◆ **AIM OF THE TASK**
A word-for-word copy of the lines below, starting at the line with "2014 Mercedes-Benz B-Class" and ending at the last one, is what you should give. Omit every picture.

◆ **COLLECTED MATERIAL**
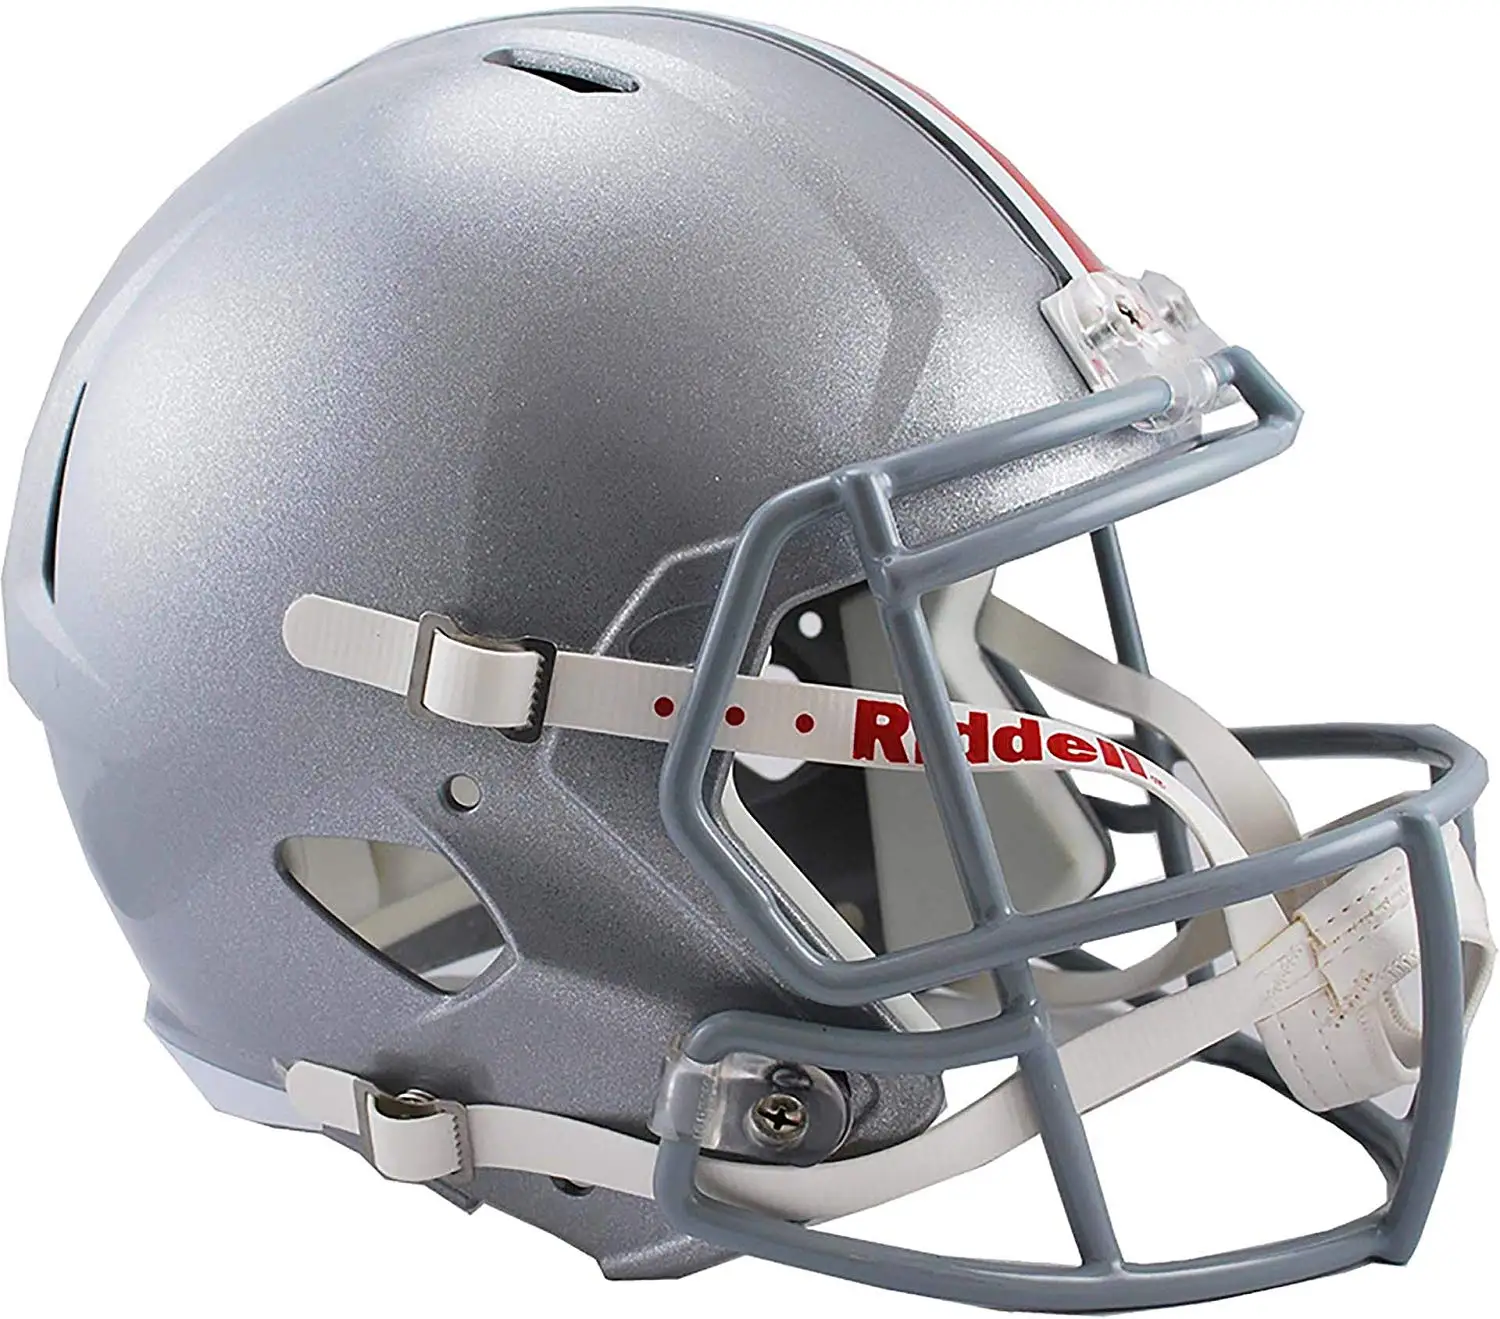 Buy Ohio State Buckeyes full size football helmet decals stripe/10 awards 20m in Cheap Price on ...
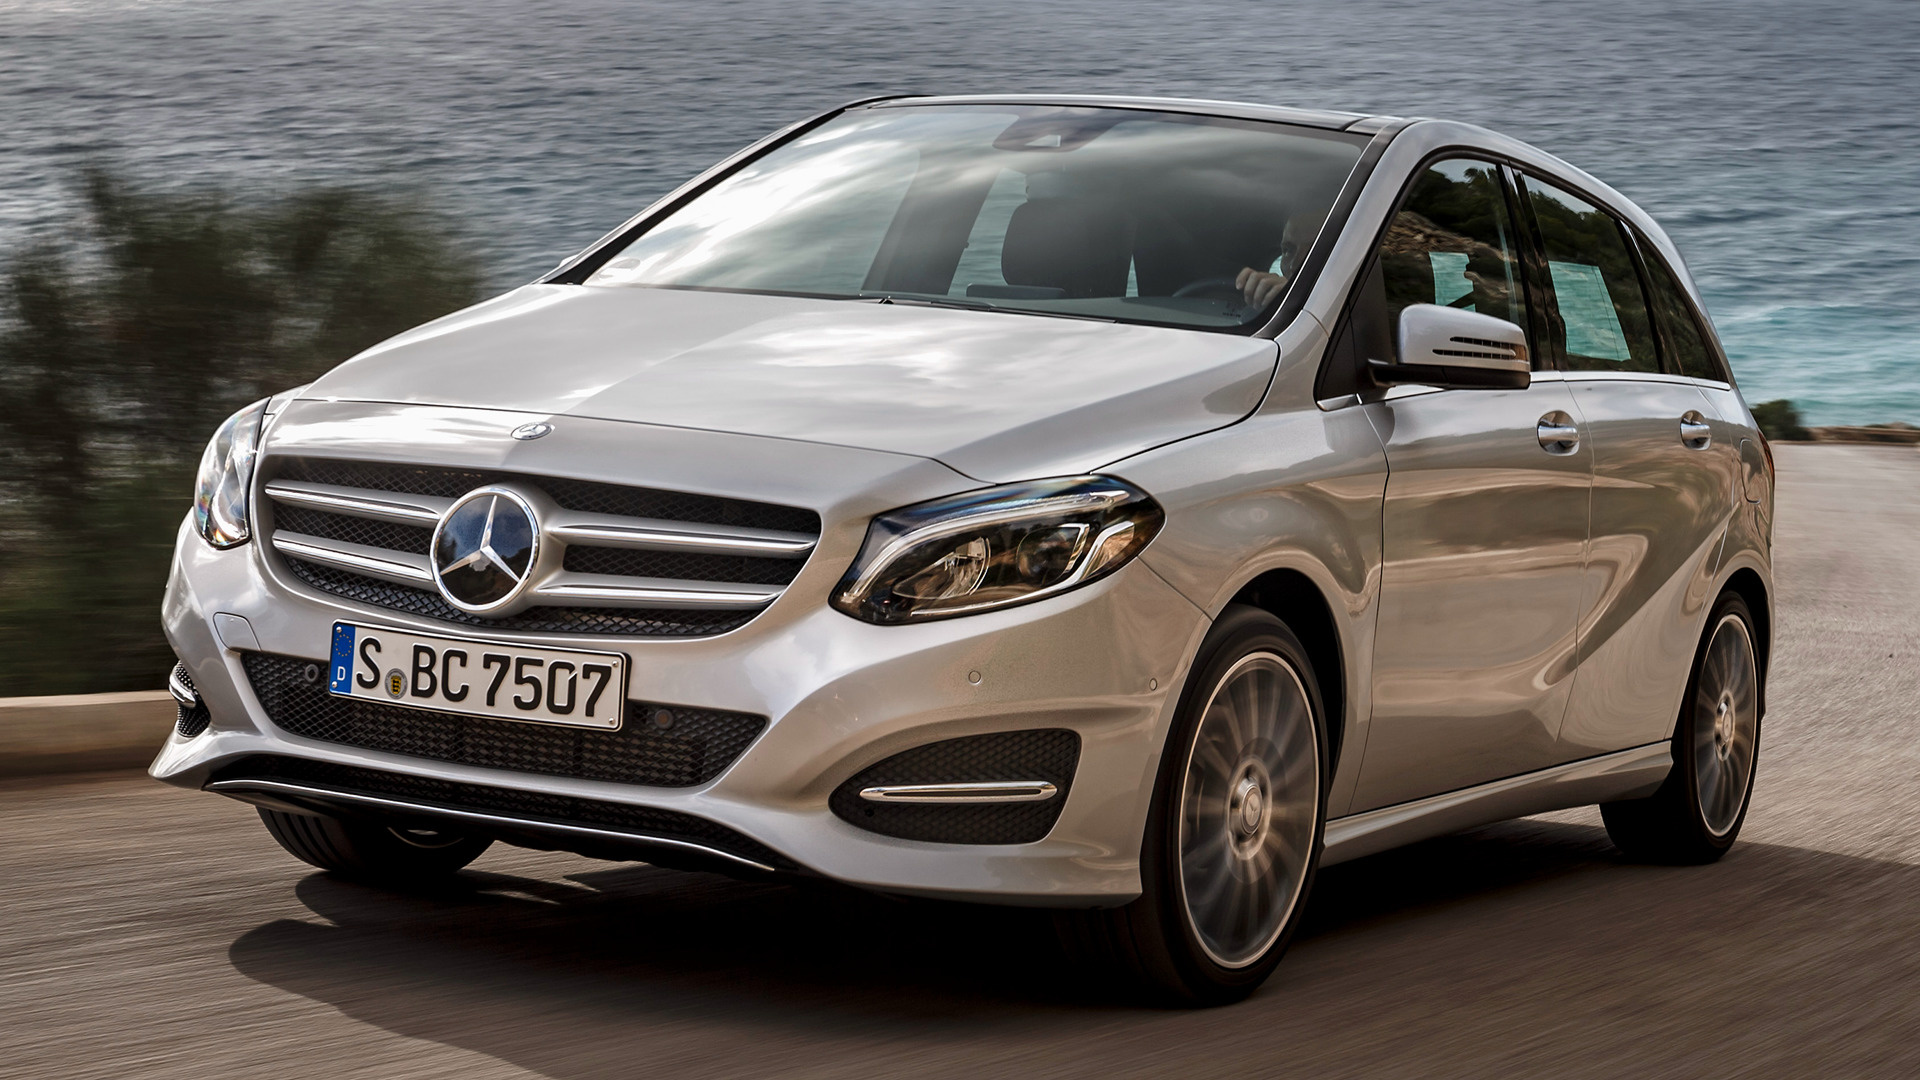 2014 Mercedes-Benz B-Class - Wallpapers and HD Images ...
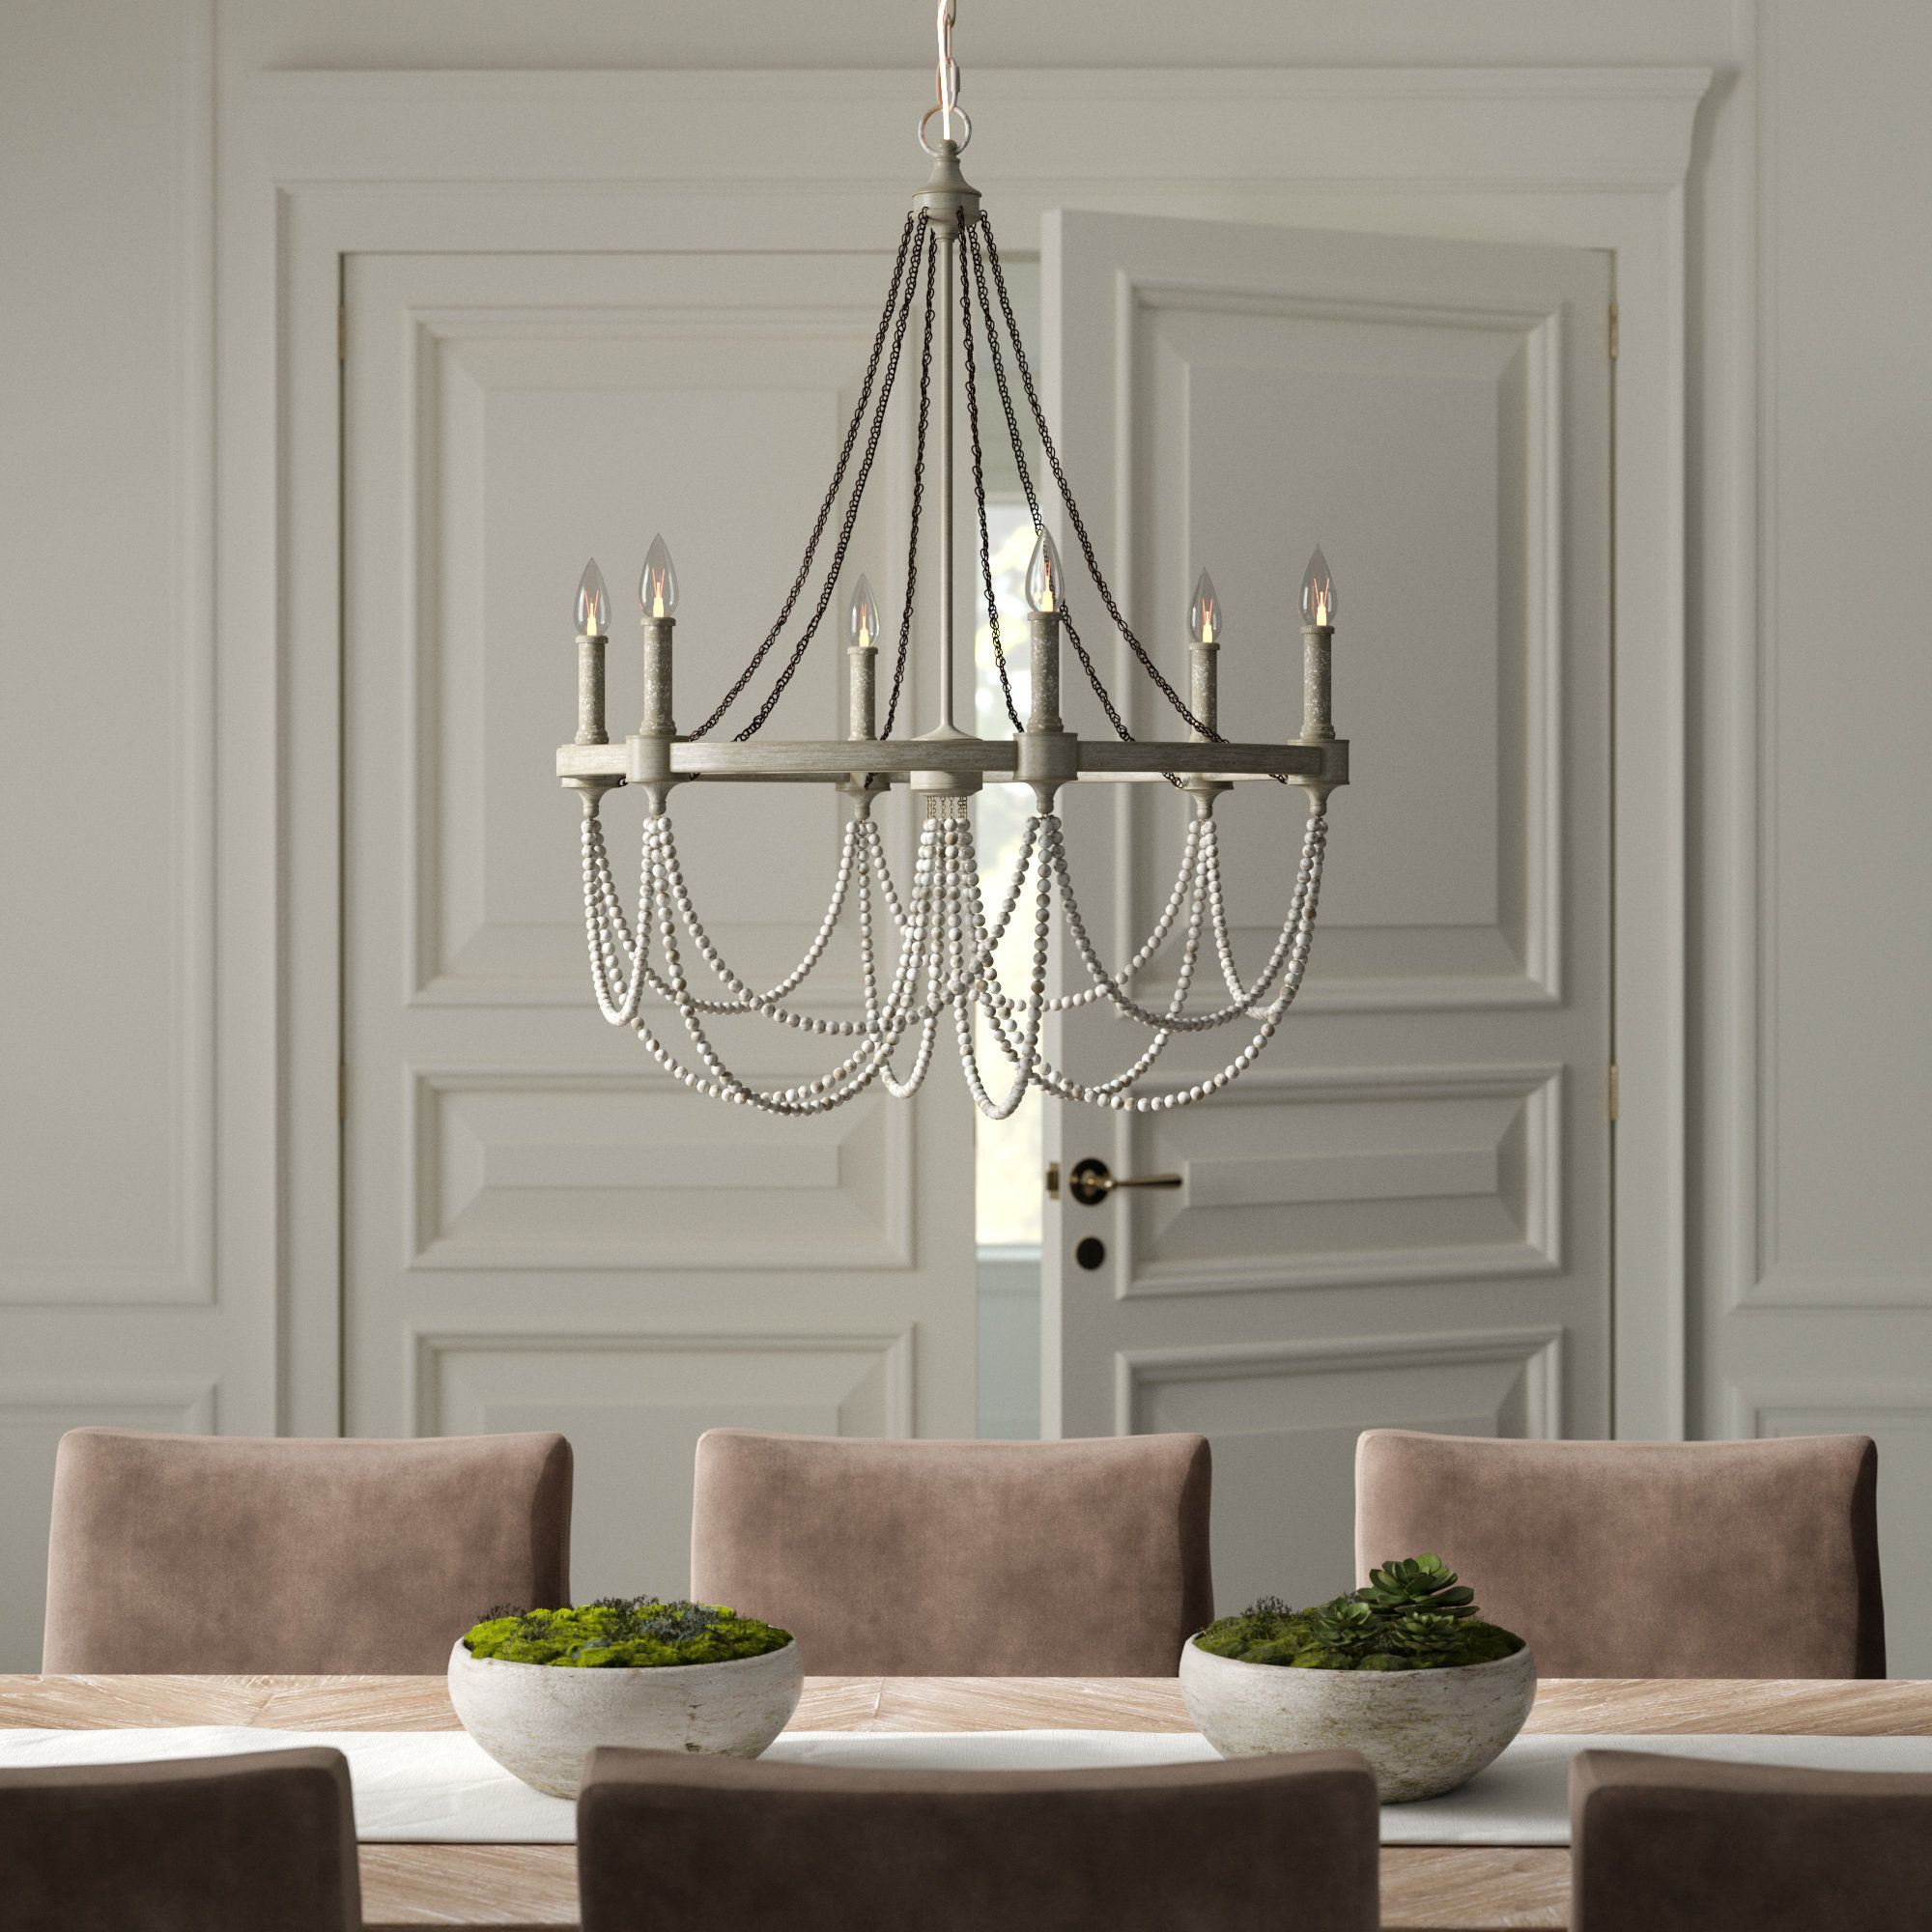 Latest Watford 6 Light Candle Style Chandeliers With Regard To Fitzgibbon 6 Light Candle Style Chandelier (View 7 of 25)
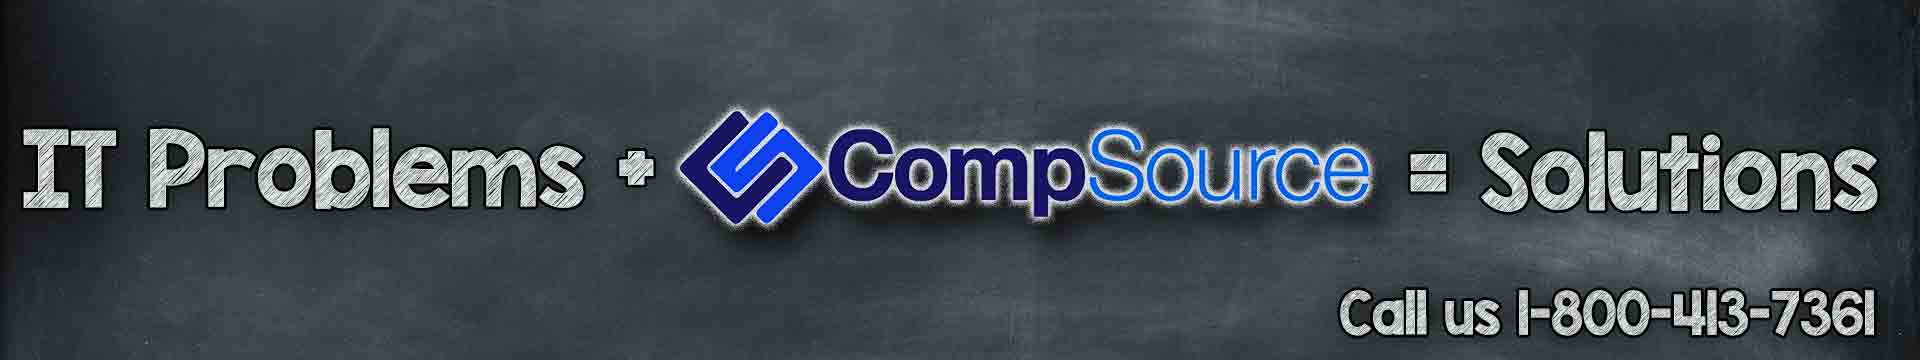 CompSource Solutions

◆ **TASK RESPONSE**
 2014 Mercedes-Benz B-Class - Wallpapers and HD Images ...
 Latest Watford 6 Light Candle Style Chandeliers With Regard To Fitzgibbon 6 Light Candle Style Chandelier (View 7 of 25)
 CompSource Solutions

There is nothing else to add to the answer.